Thursday, April 18, 2013

VOLUPTUOUS PEAKS


Pikachu eyes a voluptuous peak


IN JULIA'S WORDS

9 April, Tuesday


Route A1 that plods and clamours through Butha-Buthe, to Mokhotlong and on to Sani Pass is woven through the sexiest of landscapes – well, sexy to those who delight in buxom women. It’s a raunchy eyeful of breast after voluptuous breast-shaped peaks, many topped by proud nipples. 
The place we’ve stopped – Sani Pass Lodge – throws me through another notch in reality, this time in place not time. The pub on the cliff’s edges is none other than the pub on the cliff’s edges of Rhossili, a village in south Wales. 
Rehana notes that I look more Welsh here: my hair wind-scrambled blondish floss, my eyes a brighter green. It’s Rhossili’s pub in the smell of pub food and booze, worn wooden tables, the cliffs outside, and crooner’s tunes played on the big-screen TV - those of Bonnie Tyler and Stevie Wonder.
A man who should have had a bit part in My Big Fat Greek Wedding just came to tell us it’ll snow here tonight. Just as well we declined to camp. We’re in the backpackers quarters instead.
And hopefully the forecast is right, and we shan’t be inching our way down Sani Pass - the steepest 4x4 route in the world - not only on brutal roads, but on icy ones too. 

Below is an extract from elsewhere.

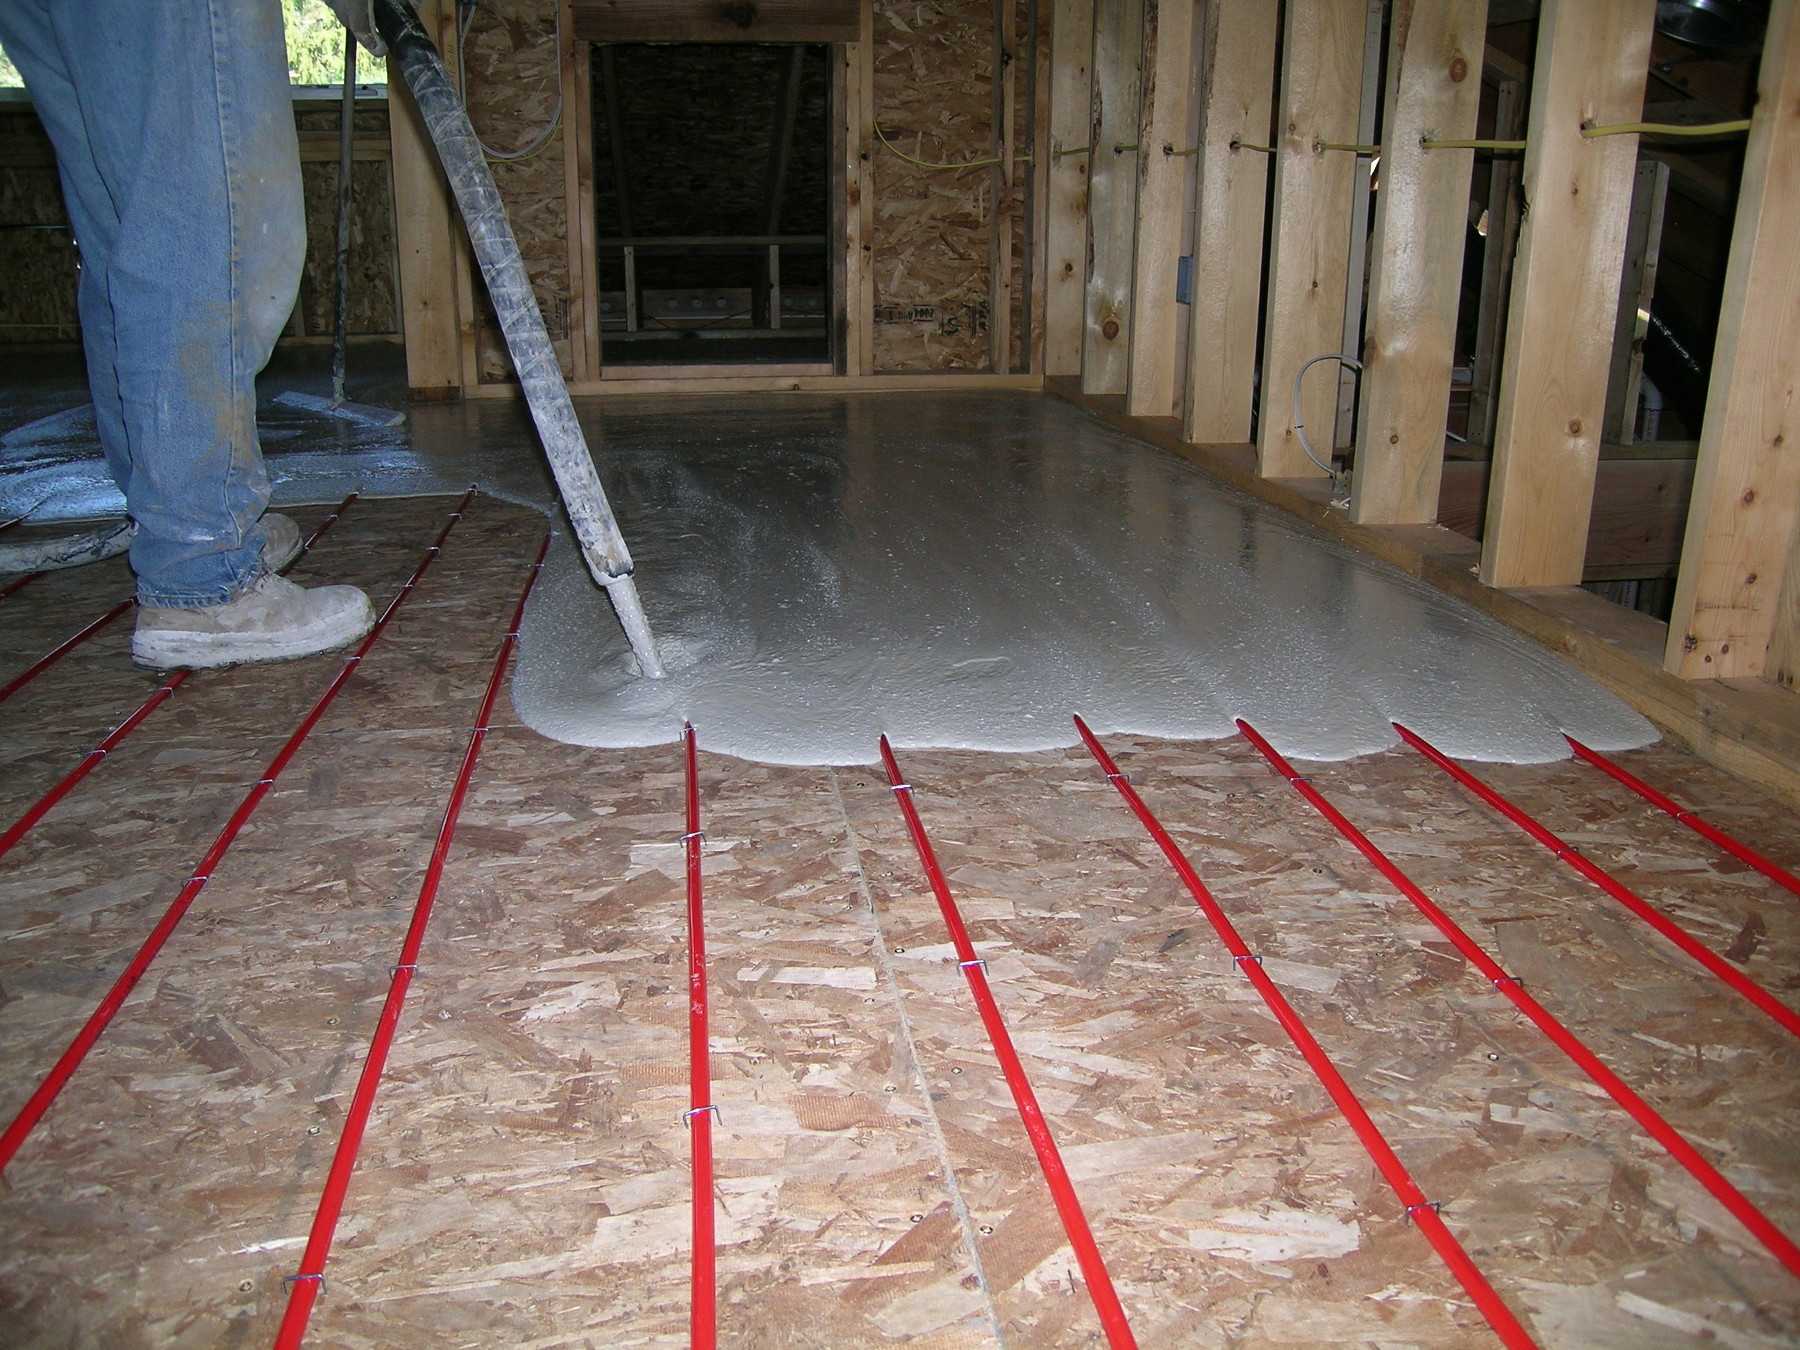 Janes Radiant Install Floor Heating Yourself

Vegetation at the top of Sani Pass - heather or fynbos?


IN REHANA'S WORDS

Tuesday April 9, 2013

I’m not at all stiff from my hour-long pony ride yesterday and for that I have to thank the St James netball team. They invited us to train with them yesterday, and although we only joined them for the last 15 minutes or so, the bossy teenager in charge gave us a proper workout.  There were enough squats in her routine to chase away the stiffness threatening my thighs.
What a village! I’m so glad we’re up here in this mountain village. The high school girls are as eager to learn from us as we are from them. They ask us such brilliant questions about ourselves, about our reasons for coming to stay in their village. One of the girls interrogated me about the kind of friends Julia and I were, where we first met and how we knew that we wanted to take this trip together. She didn’t seem very convinced by my unprepared, halting answers. Every woman we passed on the ramshackle roads stopped to talk and teach us Sotho.

We realised yesterday that the stone building in front of the lodge was the primary school, and their day ended with beautiful music. St James truly is the singing village. They should post themselves on Youtube.


Elias and Rehana at the end of the ride


My pony ride was fun. It’s been years since I was last on a horse, but it’s like riding a bicycle. I found my seat quickly. The land wasn’t flat enough for anything faster than a trot and most of the time Elias and I had to cajole our horses up steep slopes and down them again.
The people of St James live uphill and downhill. There’s no benefit to either location: if you live downhill and visit a friend up the mountain, you have to go up and down again and so do they when they come a visiting. 
The kids scamper up and down the slopes to get to school, and so do the goats, the sheep, horses and donkeys. I didn’t see any gogos going up the mountain to the village above; social lives must be badly constrained when arthritis sets in.
We left St James this morning and set off to our next destination: Sani top. The road was awful and we switched to 4x4 mode halfway. What a car we have: willing to take on boulders and dongas and corrugated ruts. The landscape was spectacular, scrubby like the fynbos slopes of the Cape mountains, with lush patches of bright green in places.

The road followed a river, which rewarded us with waterfalls to admire along the way. I say “us” but this isn’t true. Whoever is driving is forced to keep her eyes on the road, looking out for sharp boulders and dongas. And the earthmoving equipment the Chinese workers were using to repair the road. There were sheep and goats on the road, with minders wrapped in blankets and balaclavas.


A Chinese road builder and his colleagues on Sani Pass


There’s an icy wind blowing at the top of the Drakensburg. We booked a campsite at Sani Mountain Lodge but quickly changed that to a backpackers’ room. The pub has two roaring fireplaces and we're hunkering down, taking Pikachu outside for briefs forays in the icy landscape when we work up the courage to go outside for a smoke.
I'll say it out loud: I’m chicken and proud.